Douglas Knight #60: No. While plenty of cringeworthy hype has attached itself to the term, “NISQ” was originally coined, and is still used by experts, simply as a way to talk about what we can or can’t do before we have fault-tolerance. It’s not secret code for something other than that.

65. Scott Says:

ppnl #62: I’ll happily settle for lighting the path forward! 🙂

66. James Gallagher Says:

AdS/CFT is definitely one of the most hyped UNPHYSICAL ideas ever in all of Science – and the genius String Theory community are to blame – promoting a fantastical mathematical coincidence as if God himself couldn’t do any better!

We don’t live in anti-de Sitter Space so it should be dS/CFT, and a conformal field theory can easily be substituted for something as simple as a random process, so we really should just have dS/(Random Number Generator) as the more realistic and general model

67. Scott Says:

James Gallagher #66: Honest question—how well do you understand AdS/CFT?

68. Daniel Chantry Says:

Everything is part of the big puzzle, from maths 5o English and computer science to physicists…you cannot solve the things you want until all piece of the puzzle work together, so dont say, he is not one of us else you are shutting the door on a possibility.
Everything links like an electron to an atom.
If it connects on a particle level then it all connects on an educational level

69. John K Clark Says:

The fellow calling himself “String Theorist” seems to be saying that string theory is superior to computer science because the mathematics used is much more convoluted, and never mind the fact that all that advanced mathematics has never been able to find anything useful and string theory can’t produce even one testable prediction.
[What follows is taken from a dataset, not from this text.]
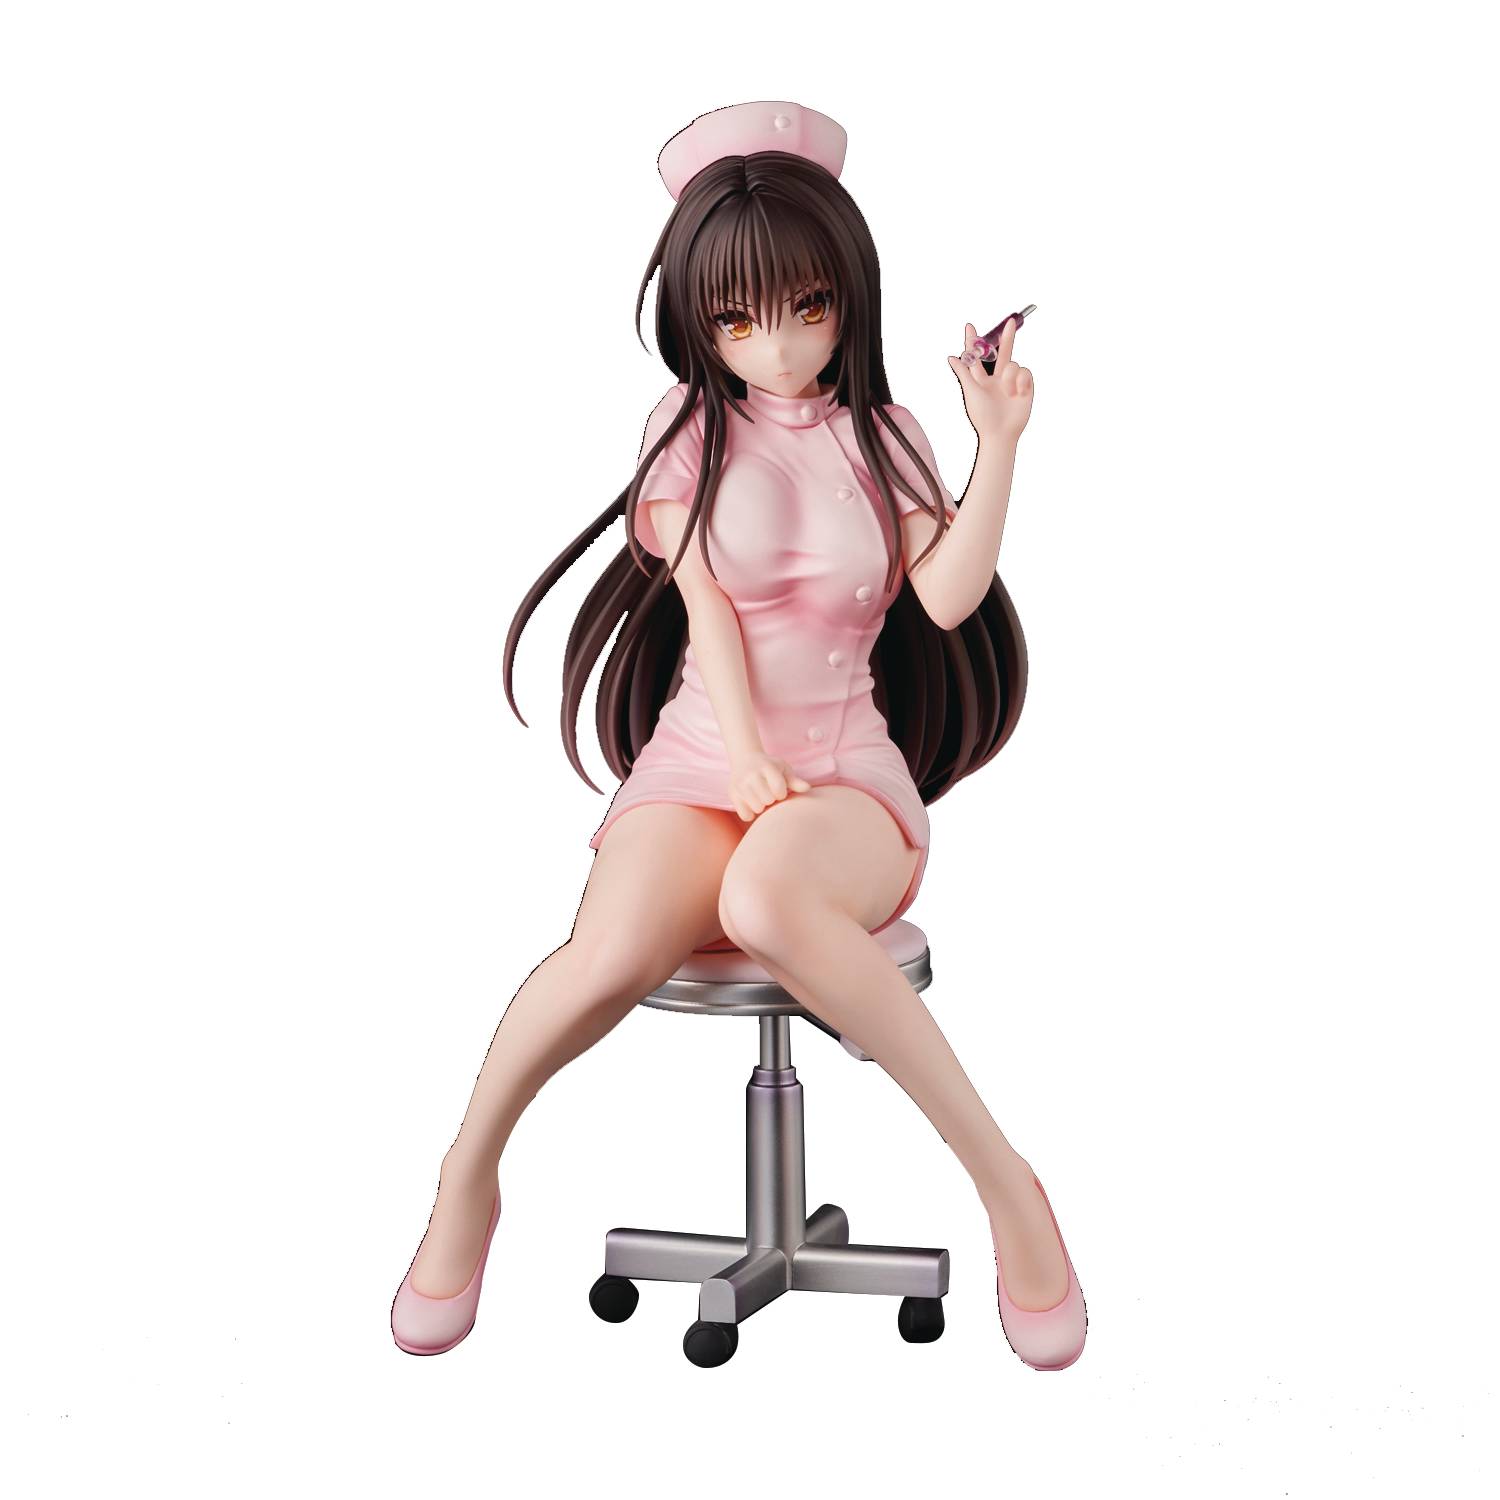 antwinette johnson recommends to love ru darkness sexy pic

As for me I say there is no point in adding more bells and whistles to the mathematics used than what is needed to get the job done.

John K Clark

70. Job Says:

The way to dismiss a whole field of study is to do so while praising the efforts of those involved.

If you just do it while personally attacking someone, in a here’s what I think of you and your field kind of way, nobody takes it seriously.

Also, you are only the intellectual others grant you to be. You can’t be forceful about it, it’s counterproductive.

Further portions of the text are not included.